# csa belt buckle



## Jeff Raines (Feb 3, 2006)

My relic hunting buddy dug this last week,here in Paulding county


----------



## Nga. (Feb 3, 2006)

Cool why can't I find something like that.


----------



## Nicodemus (Feb 3, 2006)

Now that is really something right there!!


----------



## Woody's Janitor (Feb 3, 2006)

Nice, Jeff when are you going to get me one!!!!


----------



## Jim Thompson (Feb 3, 2006)

sweet!  why could you not find that for me when we were lost on PF?


----------



## dixie (Feb 3, 2006)

Jeff, when I was a kid, we used to find stuff all the time out around mulberry mtn and picketts mill.a friend of mines grand dad found a musket in firing condition in a hollow tree at Pickett's, the strange thing about it was the initials carved in the stock are the same as my buddies name!


----------



## Al33 (Feb 4, 2006)

WOw!!! What a find. Congrats to your bud Jeff.


----------



## TurkeyCreek (Feb 4, 2006)

That's a great find!!!!


----------



## Jody Hawk (Feb 4, 2006)

That is awesome Jeff !!!!!


----------



## ramsey (Feb 5, 2006)

That is a nice find. It seems to be in great condition. Was it buried, and how deep. Any other uniform  items found with or near?


----------



## Fencejumper15 (Feb 5, 2006)

that is fantastico


----------



## Handgunner (Feb 5, 2006)

For some strange reason, I can't see the picture..


----------



## Robk (Feb 6, 2006)

Delton said:
			
		

> For some strange reason, I can't see the picture..

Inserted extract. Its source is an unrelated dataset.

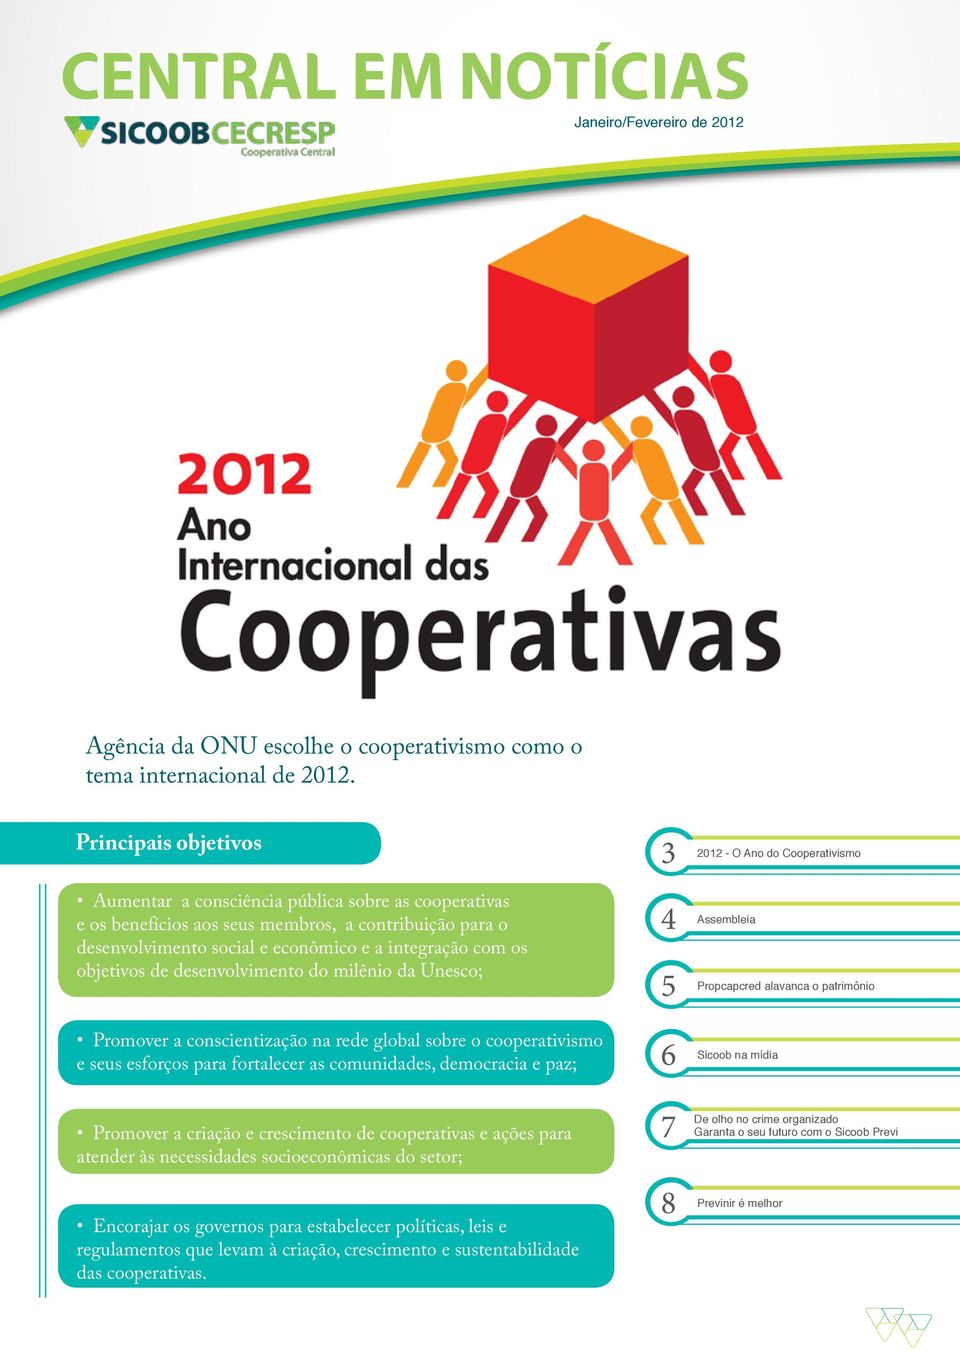 desenvolvimento do milênio da Unesco; 3 4 5 2012 - O Ano do Cooperativismo Assembleia Propcapcred alavanca o patrimônio Promover a conscientização na rede global sobre o cooperativismo e seus

Must be the steel plate in ya noggin blocking the signal again!!!!!!!!    

Rob

See in the chat room Big_D


----------



## southernclay (Feb 6, 2006)

Delton said:
			
		

> For some strange reason, I can't see the picture..



It's pretty too. 

I couldn't see it with Firefox but can with IE if that helps.


----------



## Abolt20 (Feb 6, 2006)

That's a cool find


----------



## Handgunner (Feb 6, 2006)

RobK, I didn't think about that! 

I did what Southern Clay recommended and it worked.  I run Mozilla.  Through IE I seen it with no problems. 

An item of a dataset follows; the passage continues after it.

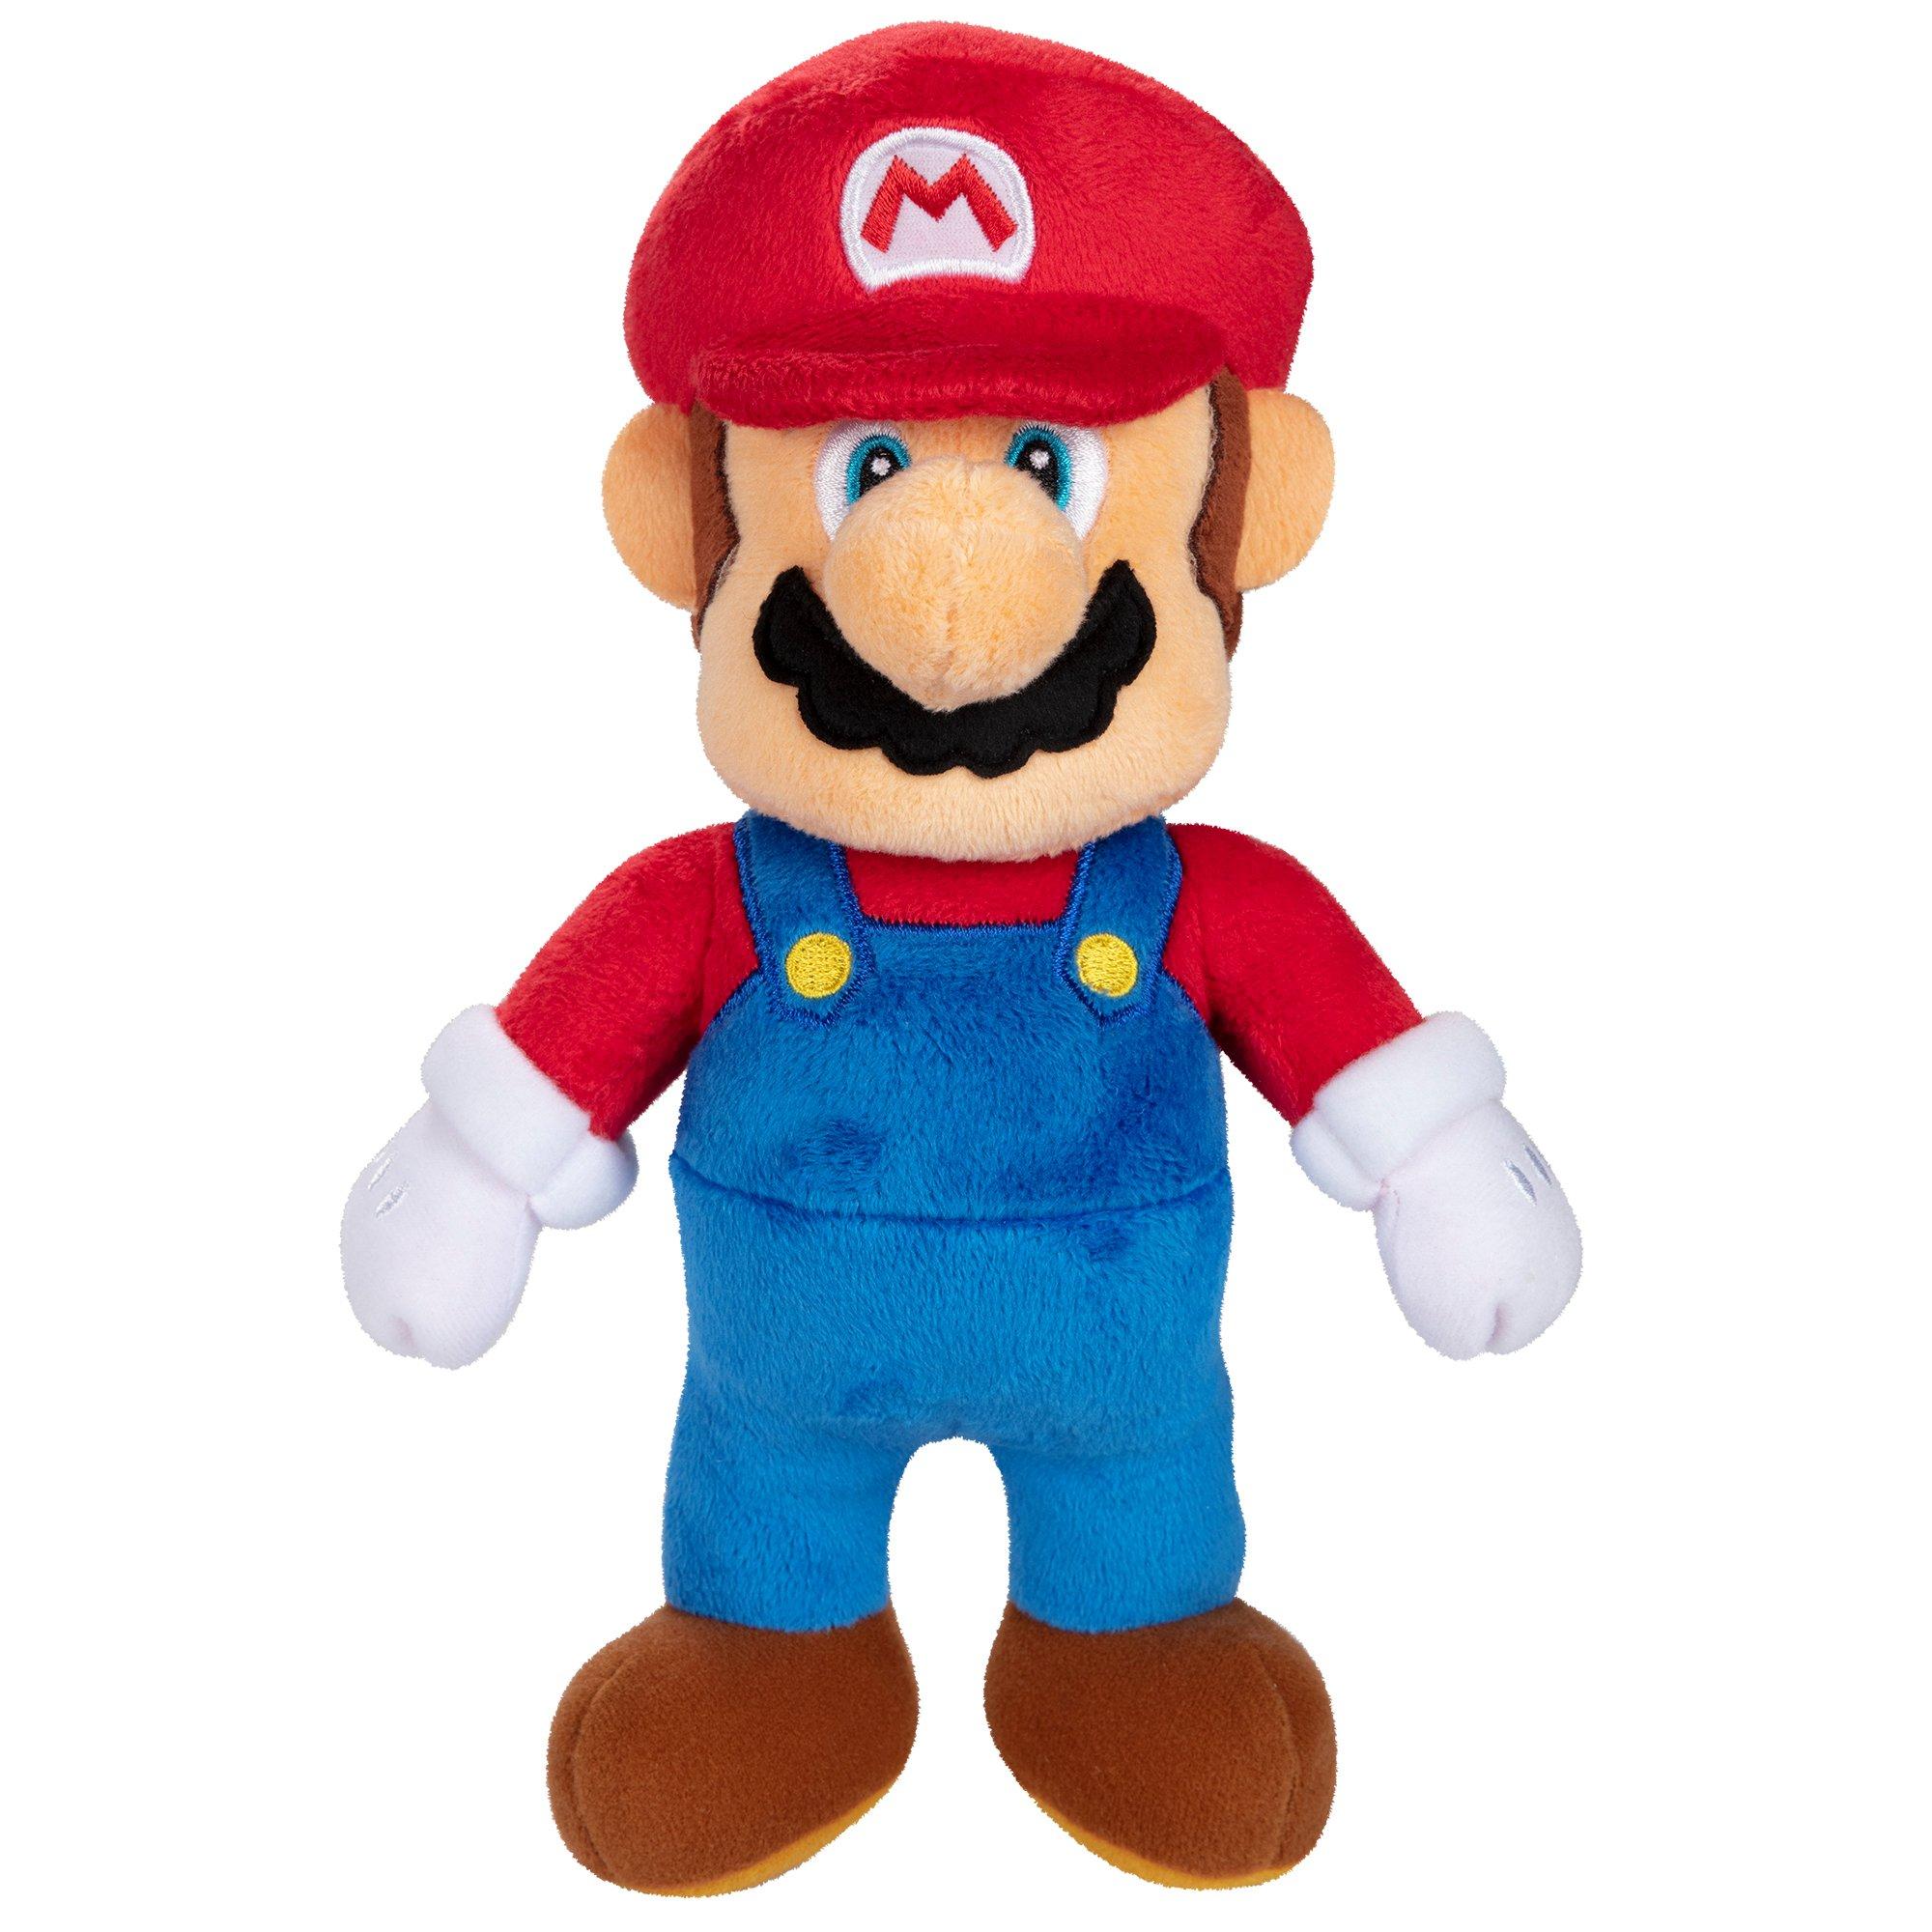 Super Mario 9-in Plush

Jeff, your buddy found something to be proud of, that's for sure!  Nice find!


----------



## Researcher31726 (Feb 6, 2006)

That is priceless!


----------



## ZACK (Feb 11, 2006)

Thats awsome Jeff, tell your friend congrats.  That find is something to be proud of.  Did he find it near a battlefield or at a camp site?  I have an ancestor that fought in the battle of New Hope Church here in Paulding.  I have a few honey holes that I one day want to do a little relic hunting on.  A few here in Paulding and a few others around the Metro area.  All I need is more time and money and I will be ready to go.


----------



## Carp (Feb 12, 2006)

Nice find!


----------



## Bone Collector (Feb 13, 2006)

That's a very nice find. Is it complete on the backside, too? I found one for sale with a certificate of authenticity priced at $2500.00. Another one that was not in such great shape was priced at $1500.00. I'll buy yours for $25.00! 

BC


----------



## Jeff Raines (Feb 13, 2006)

ZACK said:
			
		

> Thats awsome Jeff, tell your friend congrats.  That find is something to be proud of.  Did he find it near a battlefield or at a camp site?  I have an ancestor that fought in the battle of New Hope Church here in Paulding.  I have a few honey holes that I one day want to do a little relic hunting on.  A few here in Paulding and a few others around the Metro area.  All I need is more time and money and I will be ready to go.



woohoo,I have a new best friend,just send me the location of those honey holes.
Promise I won't hunt them,but I will let you know if there is anything there  

He won't say exactly where he found it,but he used a map that I gave him and he won't say that isn't the spot.
It's between New Hope and Picketts Mill on private land.

You got a detector?if not there is a dealer here in paulding.
If so,shoot me a pm and we'll hook up,do some diggin.


----------